REQUIRED WORK:
Below are lines of records; copy exactly those from the one containing "beef broth with" through the one containing "Solid Walnut and", leaving the pictures behind.

DATA TO EXAMINE:

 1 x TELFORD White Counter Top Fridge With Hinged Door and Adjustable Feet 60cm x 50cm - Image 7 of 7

---

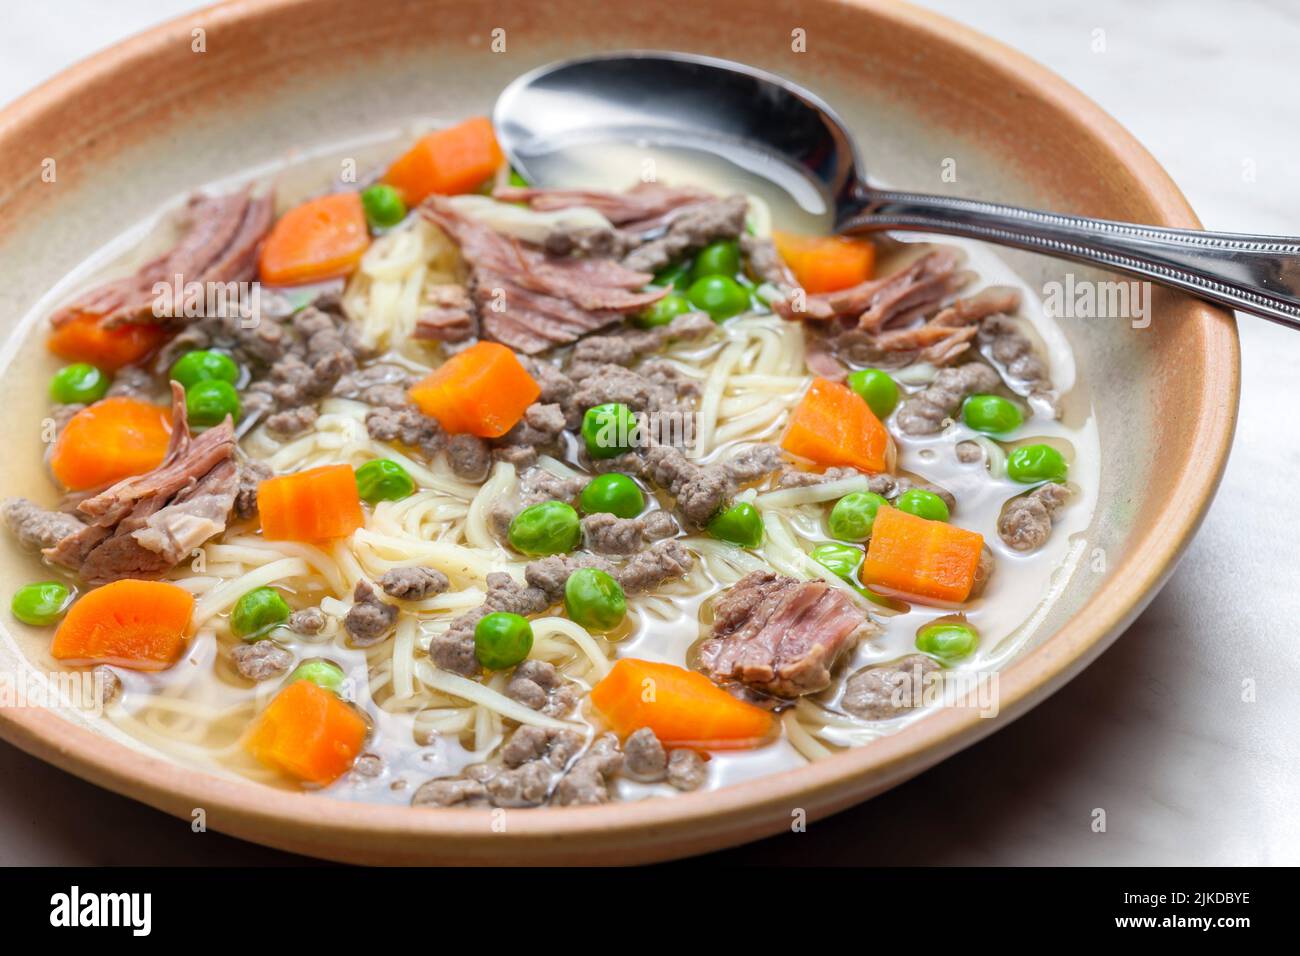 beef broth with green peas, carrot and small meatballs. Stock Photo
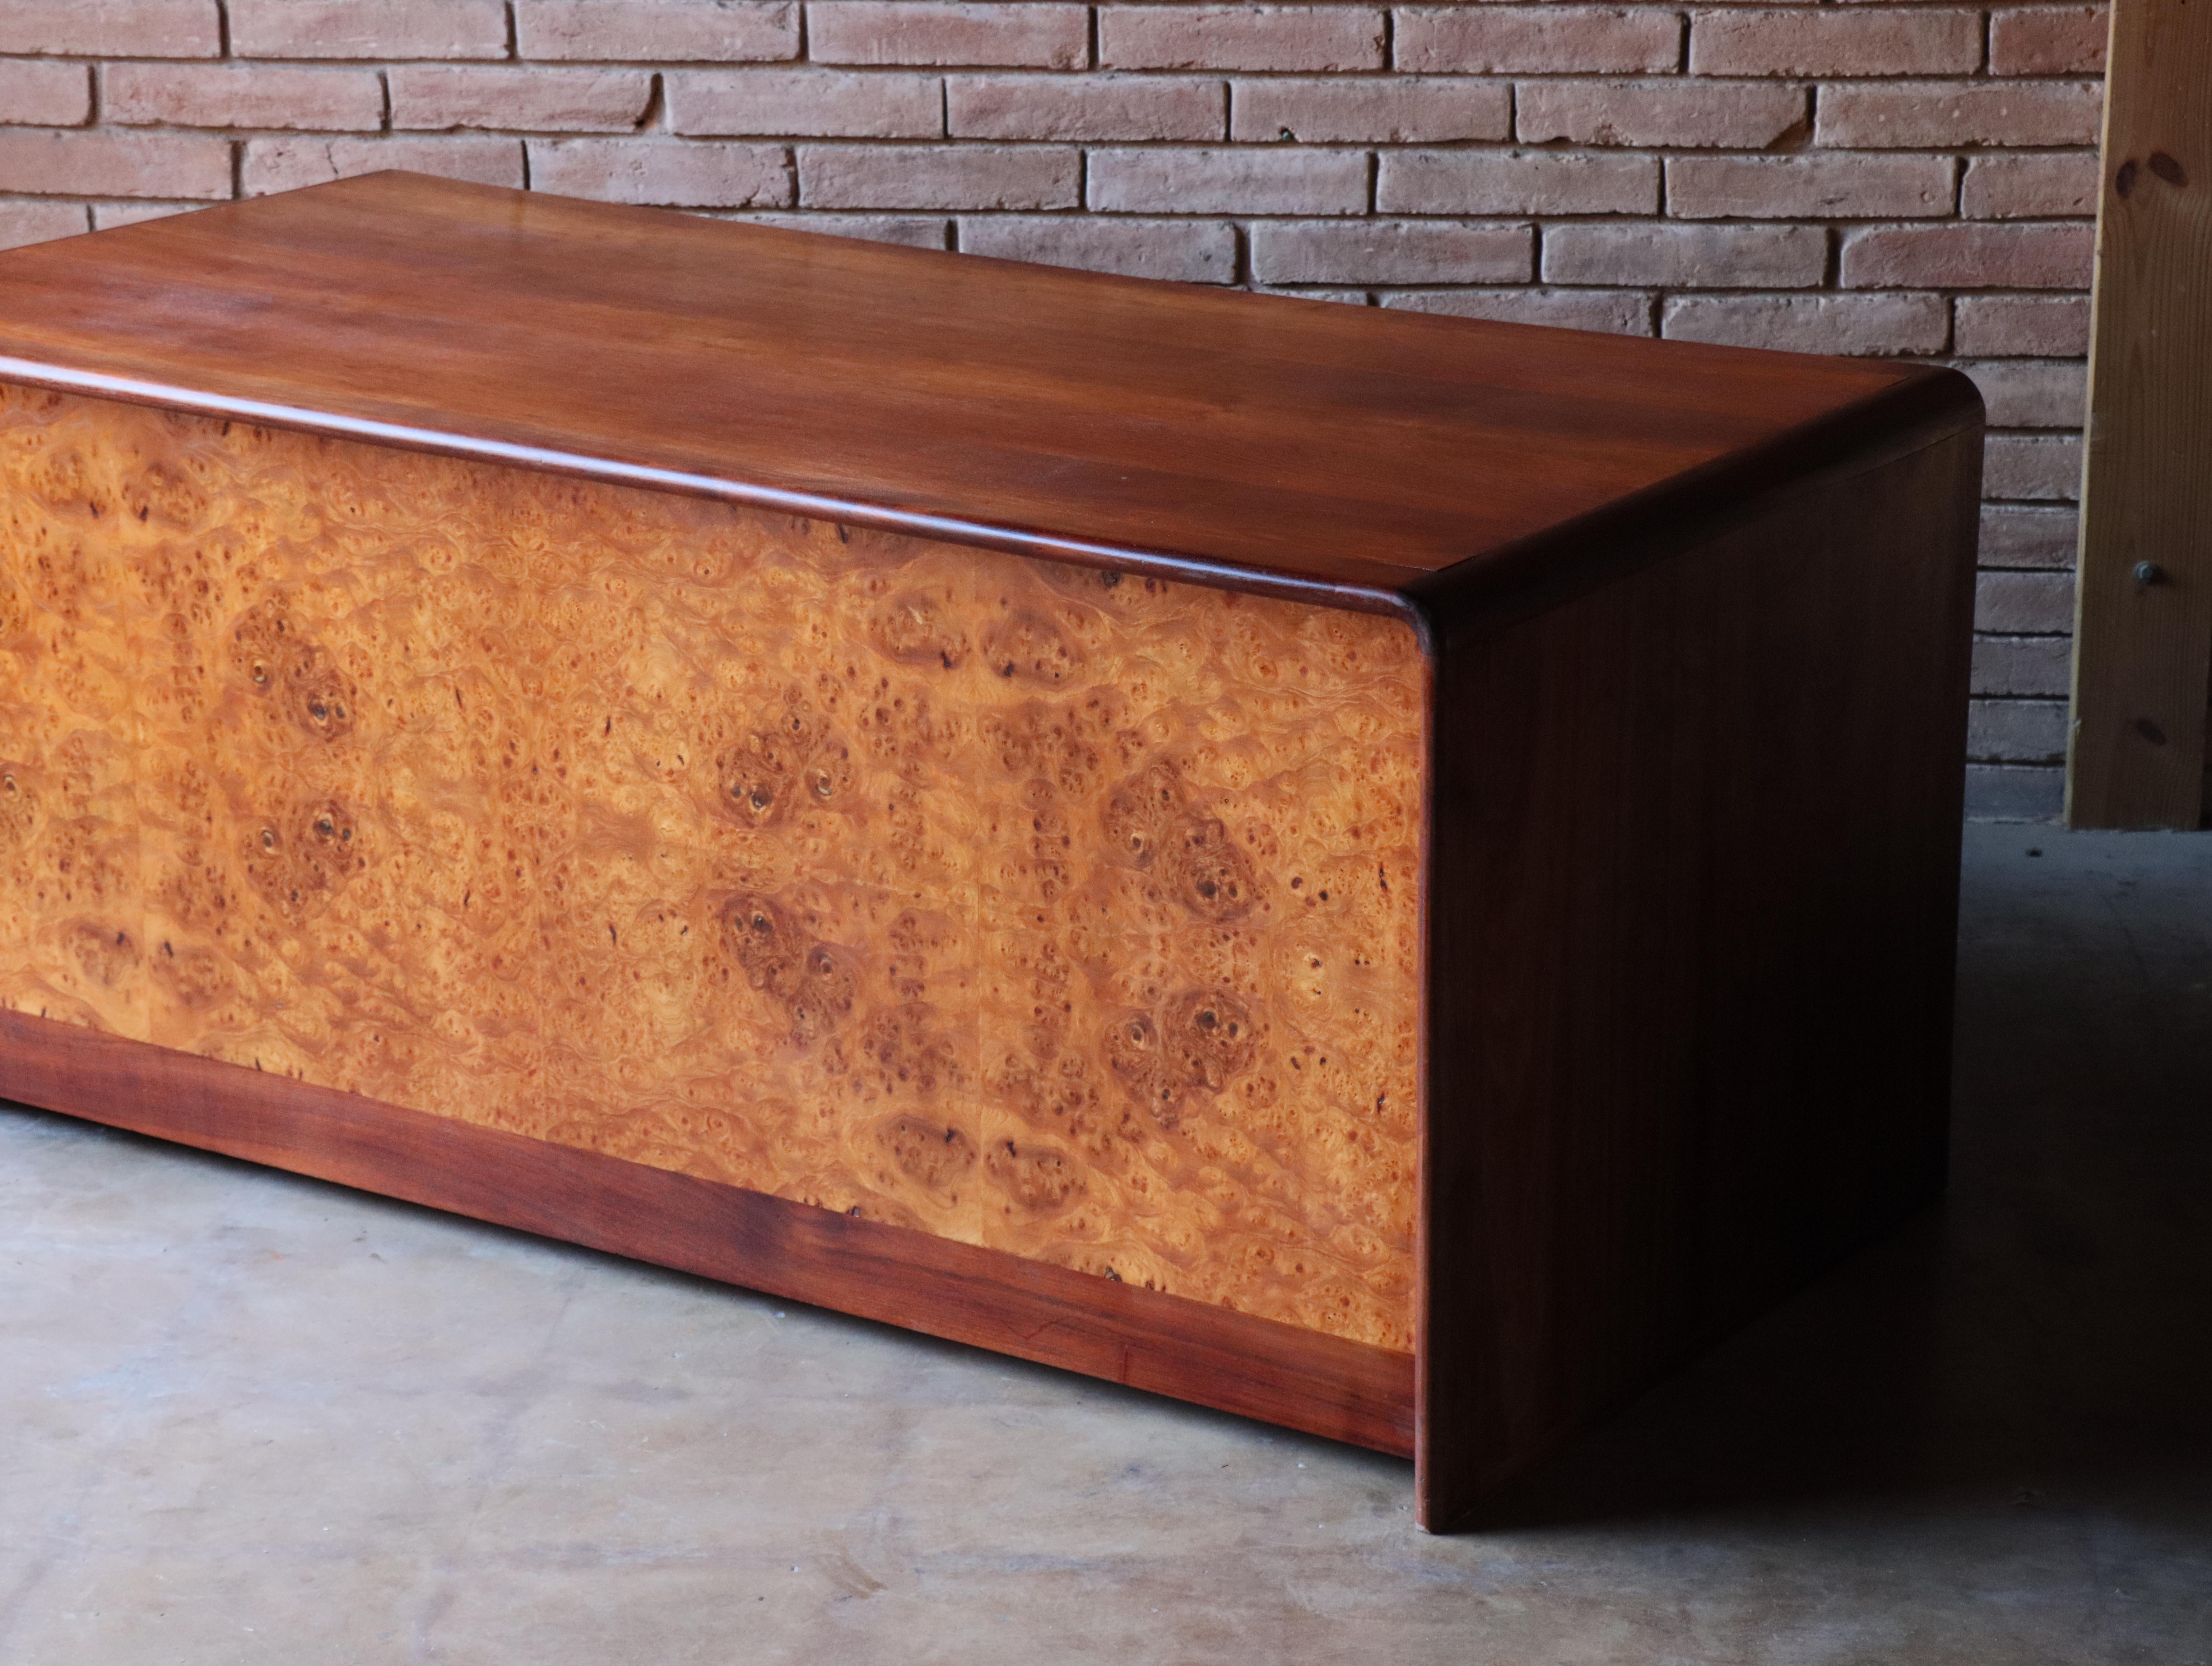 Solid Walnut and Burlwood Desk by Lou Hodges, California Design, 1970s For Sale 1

RESULT OF THE TASK:
 beef broth with green peas, carrot and small meatballs. Stock Photo
 Solid Walnut and Burlwood Desk by Lou Hodges, California Design, 1970s For Sale 1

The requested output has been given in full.